Abnormal Cochleovestibular Anatomy and Hearing Outcomes: Pediatric Patients with a Questionable Cochleovestibular Nerve Status May Benefit from Cochlear Implantation and/or Hearing Aids.
Objective: Imaging characteristics and hearing outcomes in children with cochleovestibular or cochleovestibular nerve (CVN) abnormalities. Study
Design: Retrospective, critical review. Setting: Tertiary referral academic center. Patients: Twenty-seven children with CVN abnormalities with magnetic resonance (MRI) and/or computed tomography (CT). Study Intervention(s): None. Main outcome measure(s): Determine the likely presence or absence of a CNV and auditory stimulation responses.

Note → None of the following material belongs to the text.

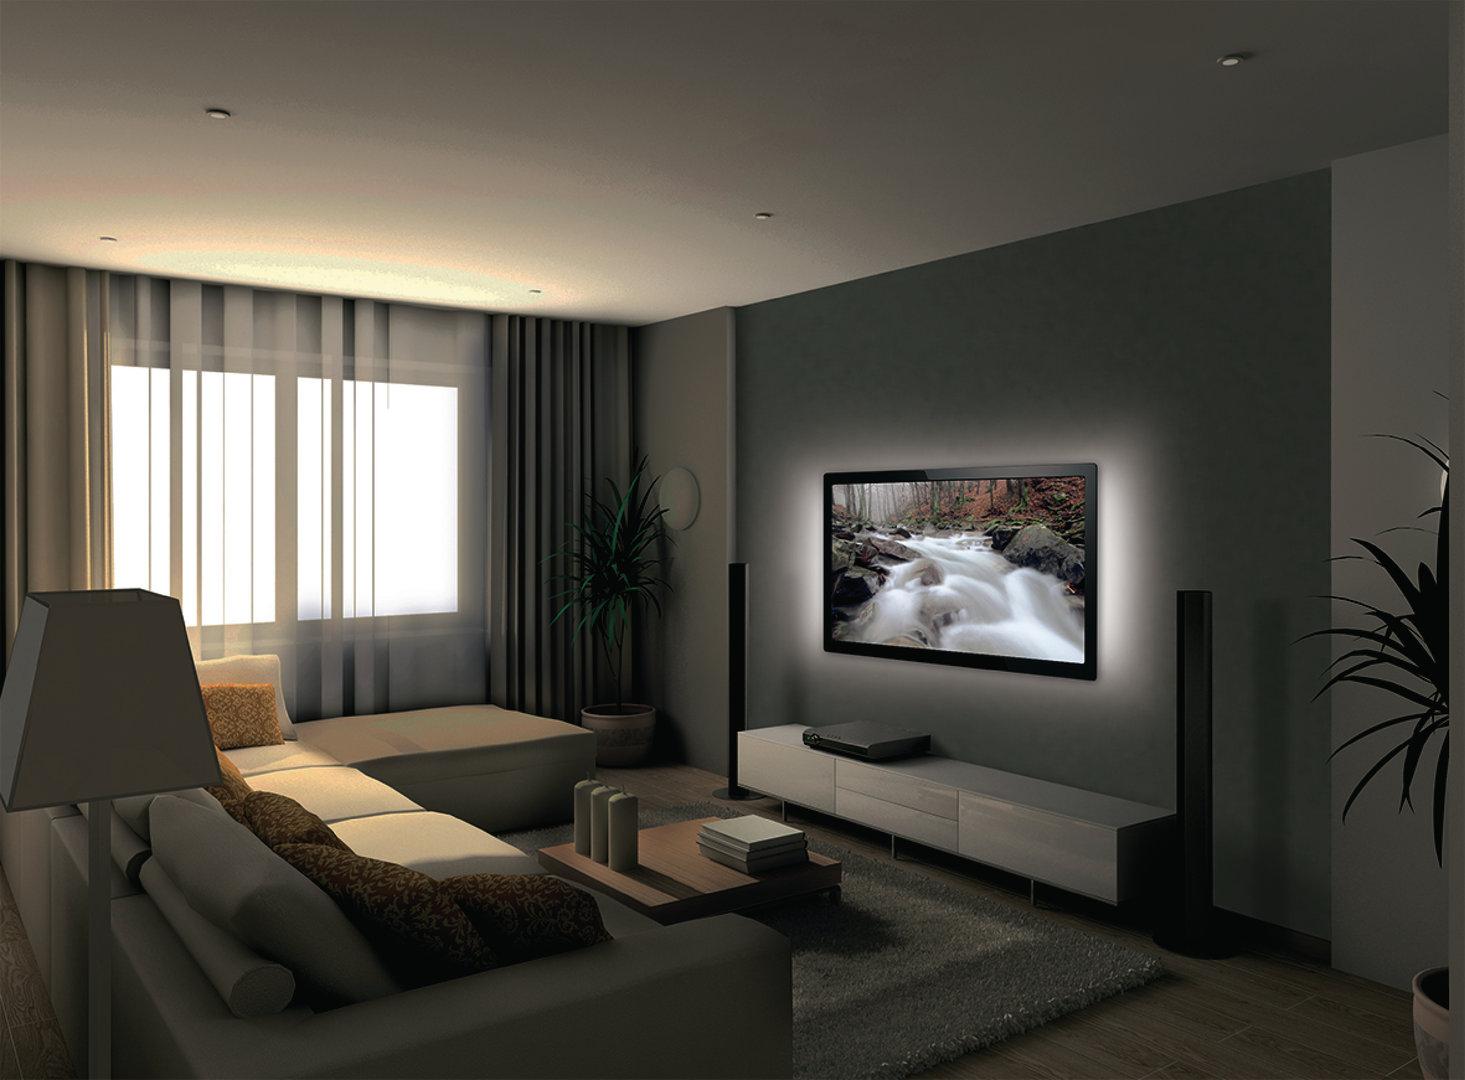 bande led lumineuse pour tv led 192 lm 1800 mm blanc froid. Black Bedroom Furniture Sets. Home Design Ideas

Results: Two of 27 cases had unilateral hearing loss, and all others had bilateral loss. Eleven (46%) were identified with a disability or additional condition. Twenty-two (42%) ears received a cochlear implant (CI) and 9 ears (17%) experienced no apparent benefit from the device. MRI acquisition protocols were suboptimal for identification of the nerve in 22 (42%) ears. A likely CVN absence was associated with a narrow cochlear aperture and internal auditory canal and cochlear malformation. Thirteen (48%) children with an abnormal nerve exhibited normal cochleae on the same side. Hearing data were available for 30 ears, and 25 ears (83%) exhibited hearing with or without an assistive device. One child achieved closed set speech recognition with a hearing aid, another with a CI. One child achieved open set speech recognition with a CI.
Conclusions: Current imaging cannot accurately characterize the functional status of the CVN or predict an assistive device benefit. Children who would have otherwise been denied a CI exhibited auditory responses after implantation. A CI should be considered in children with abnormal CVN. Furthermore, imaging acquisition protocols need standardization for clear temporal bone imaging.